Write down the listing again exactly as it appears below, without its pictures.

▸ **DATASET SECTION**:
BEGIN

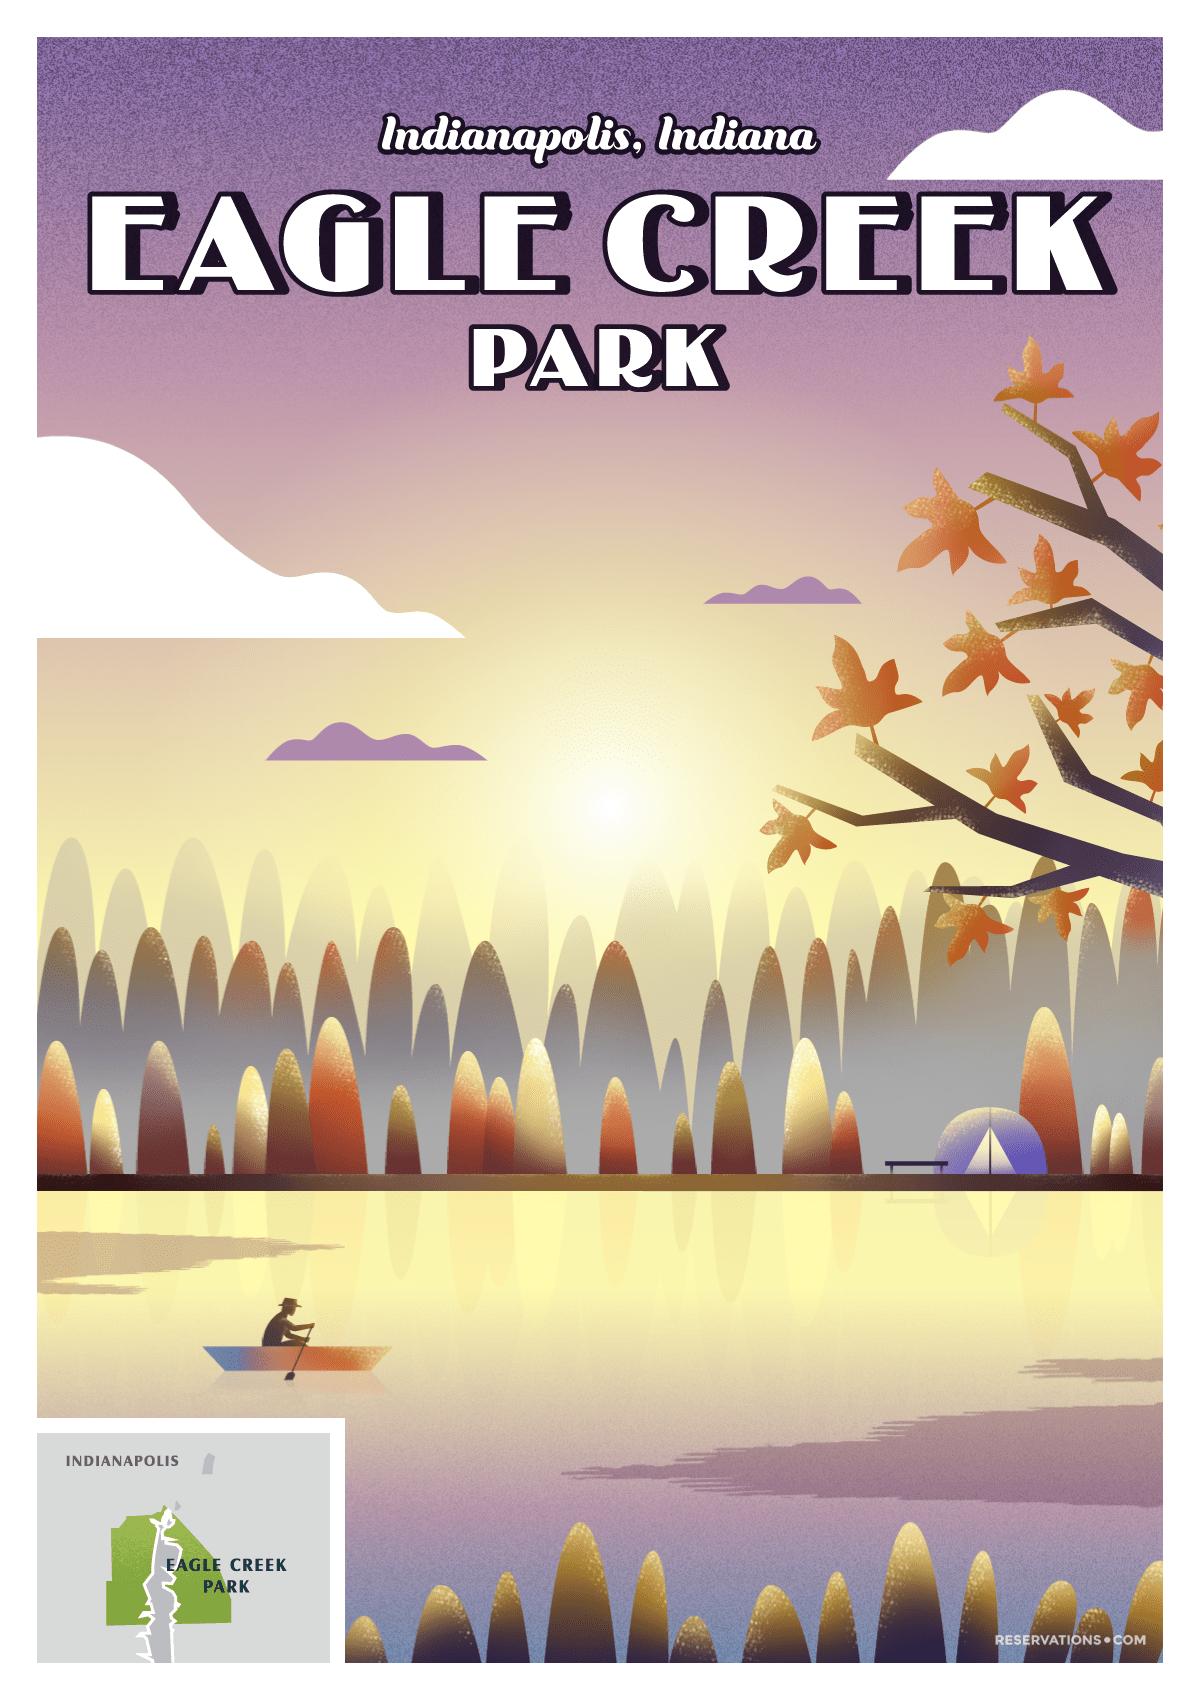 Eagle Creek Park Indianapolis, Indiana poster
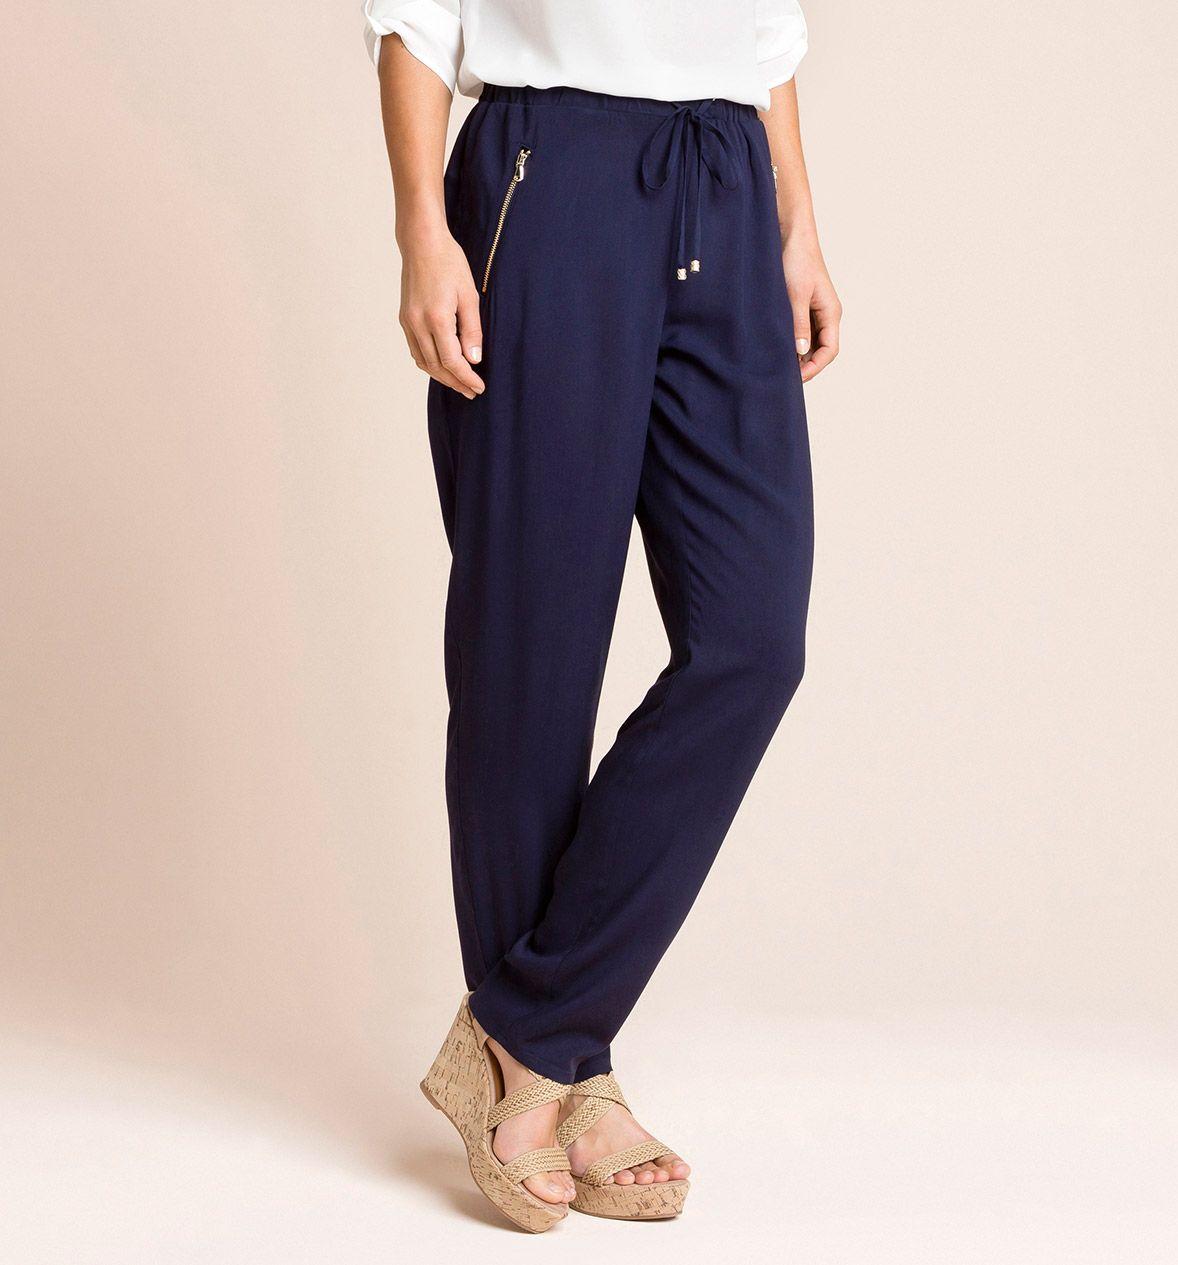 Pantalones fluidos azul marino
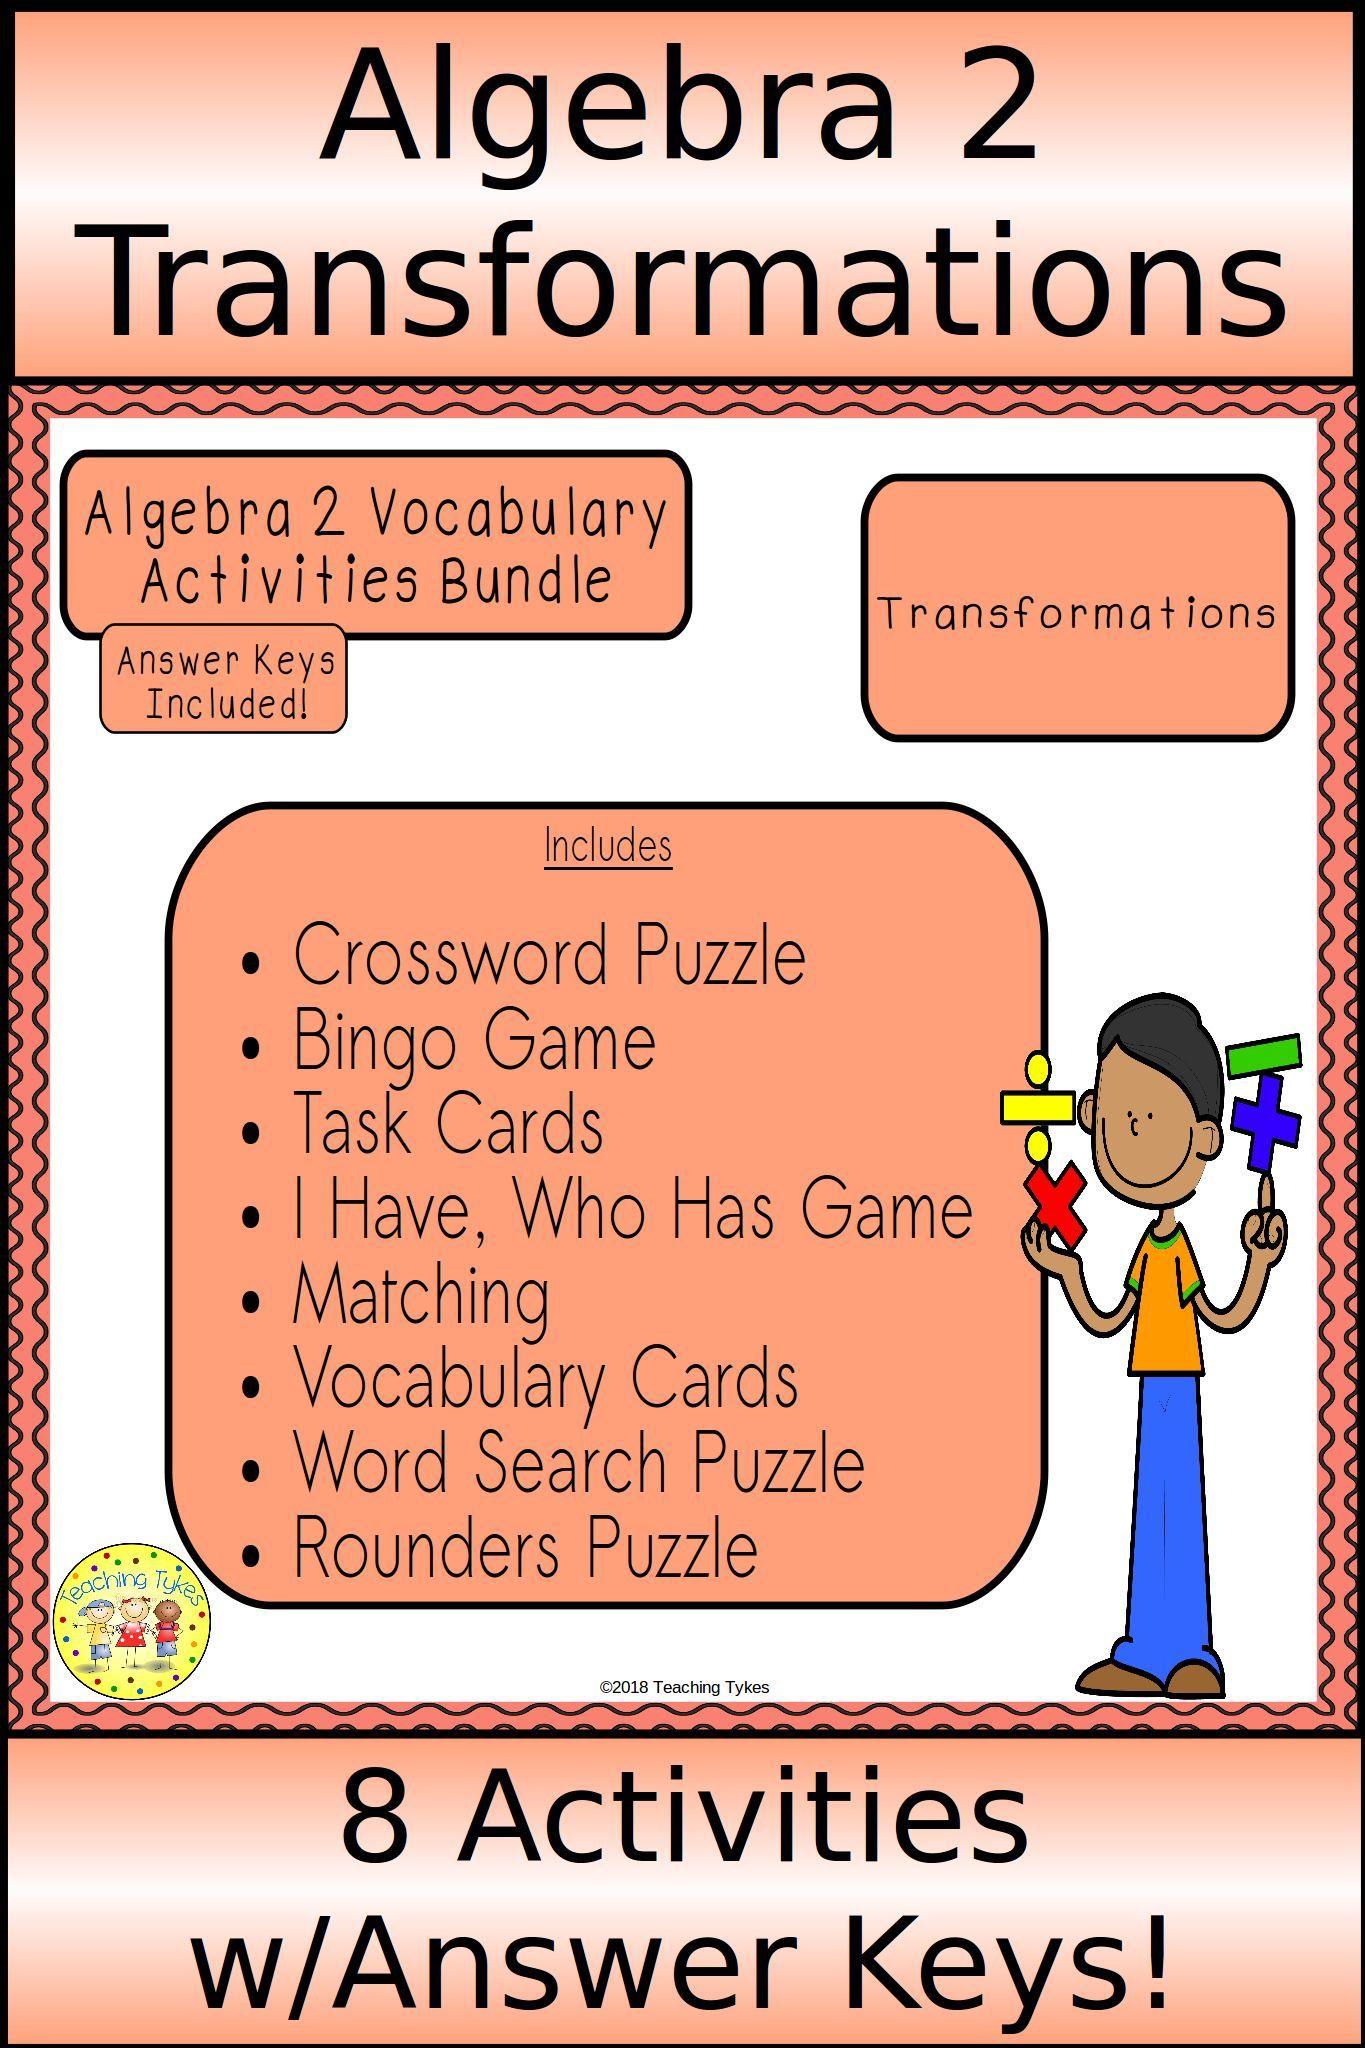 Transformations Algebra 2 Bundle
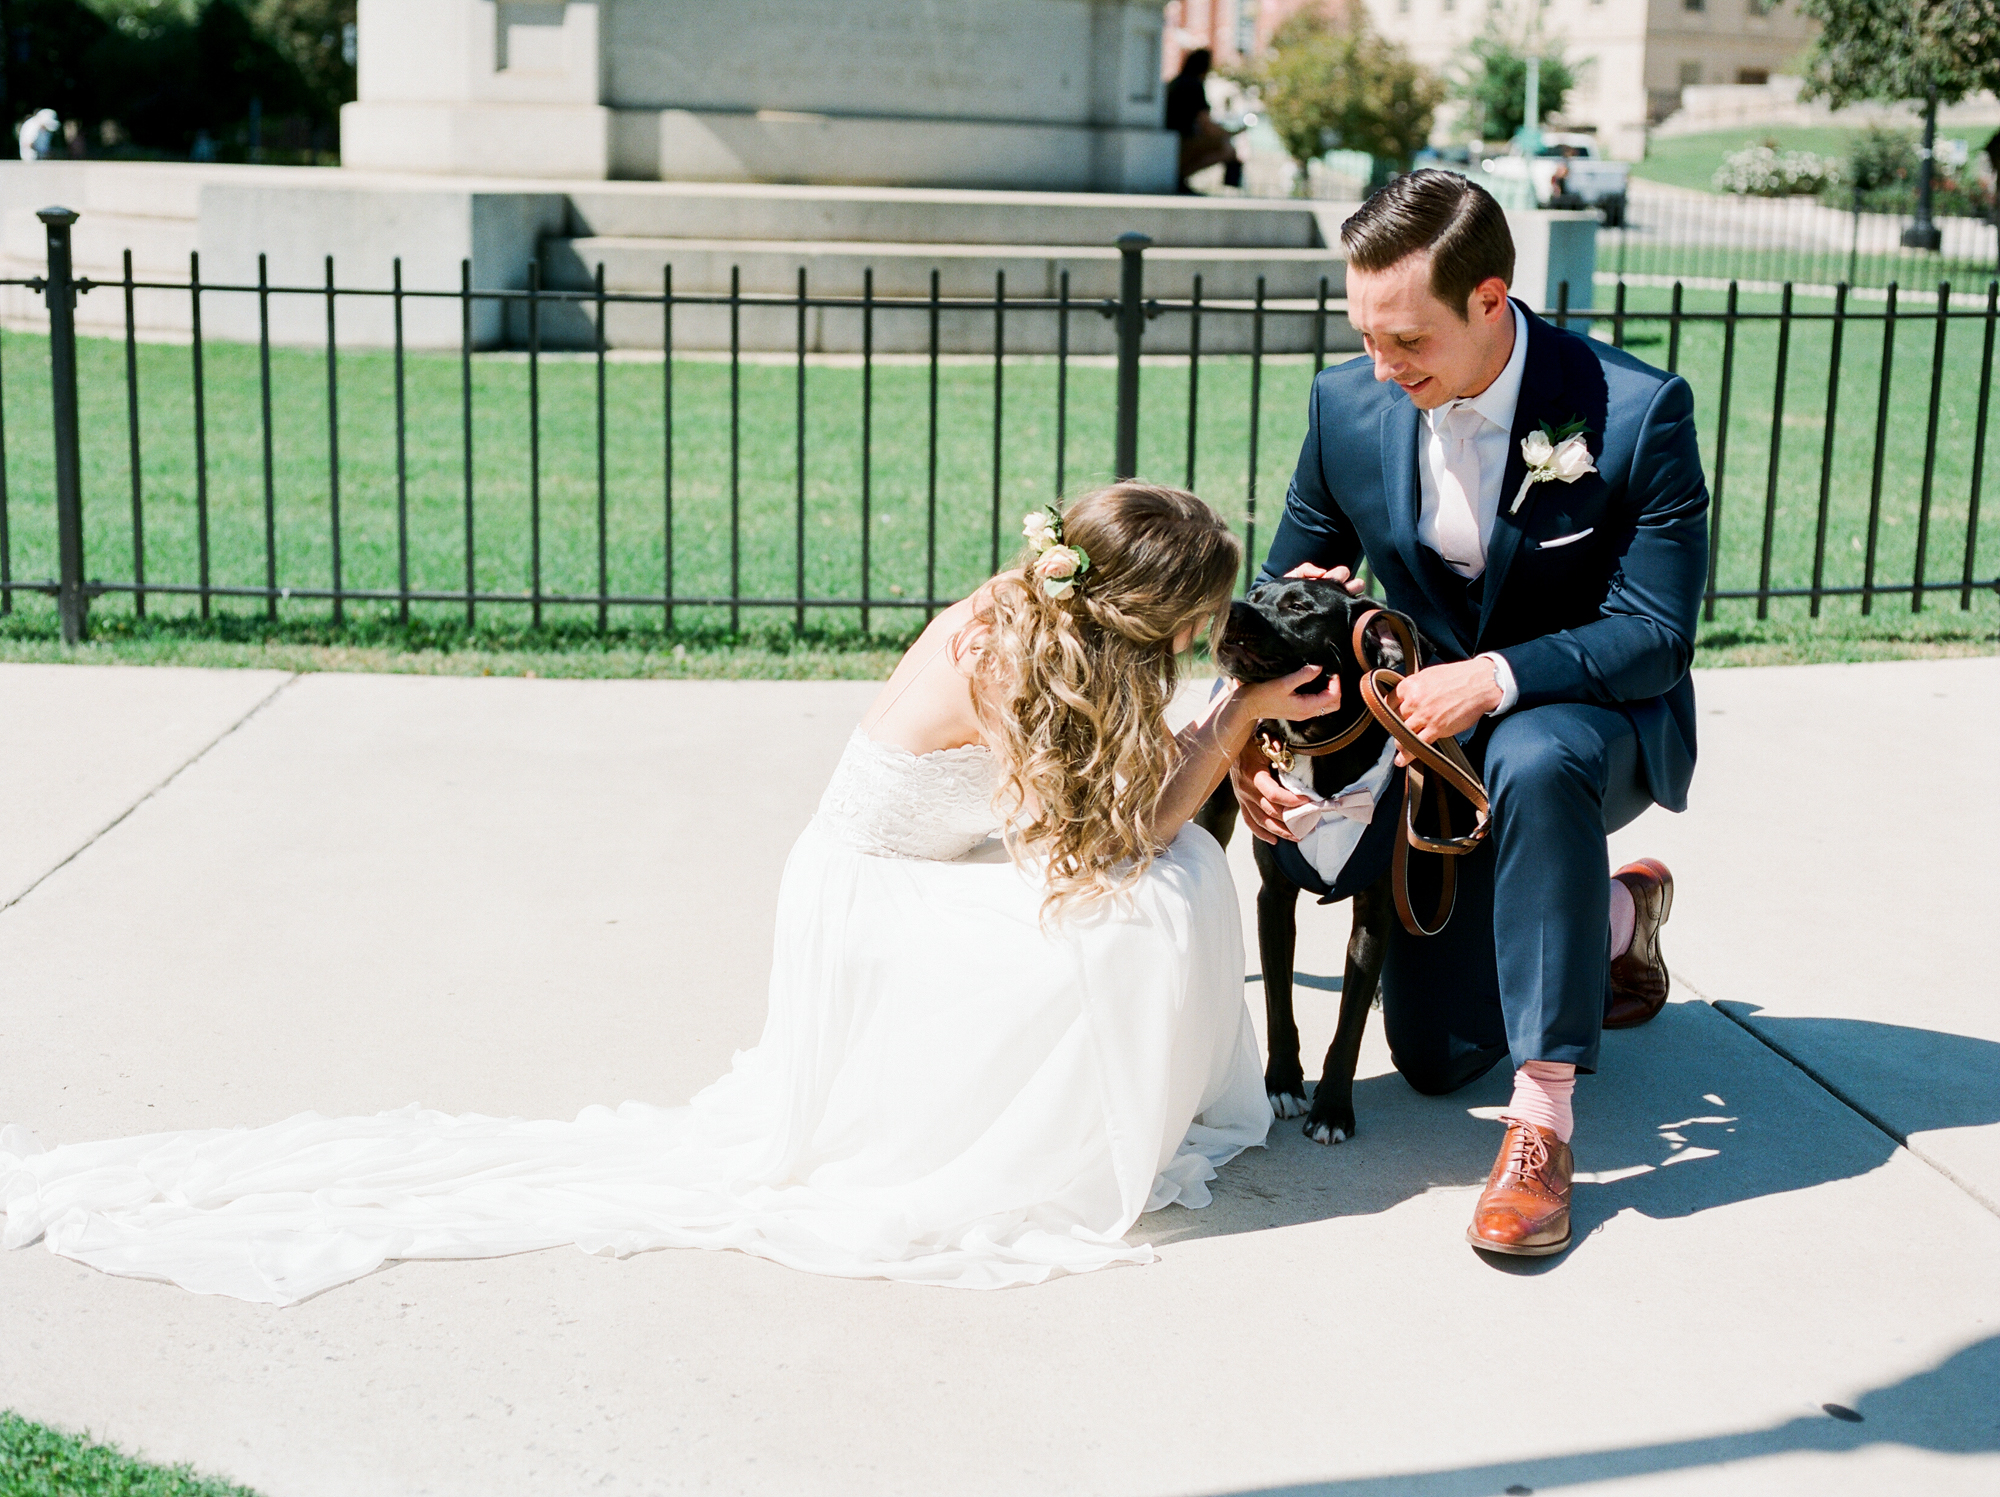 LongView-Gallery-Wedding-Art-Washington-DC-Film-Photographer-10.jpg

END

▸ **TASK ANSWER**:
 Eagle Creek Park Indianapolis, Indiana poster
 Pantalones fluidos azul marino
 Transformations Algebra 2 Bundle
 LongView-Gallery-Wedding-Art-Washington-DC-Film-Photographer-10.jpg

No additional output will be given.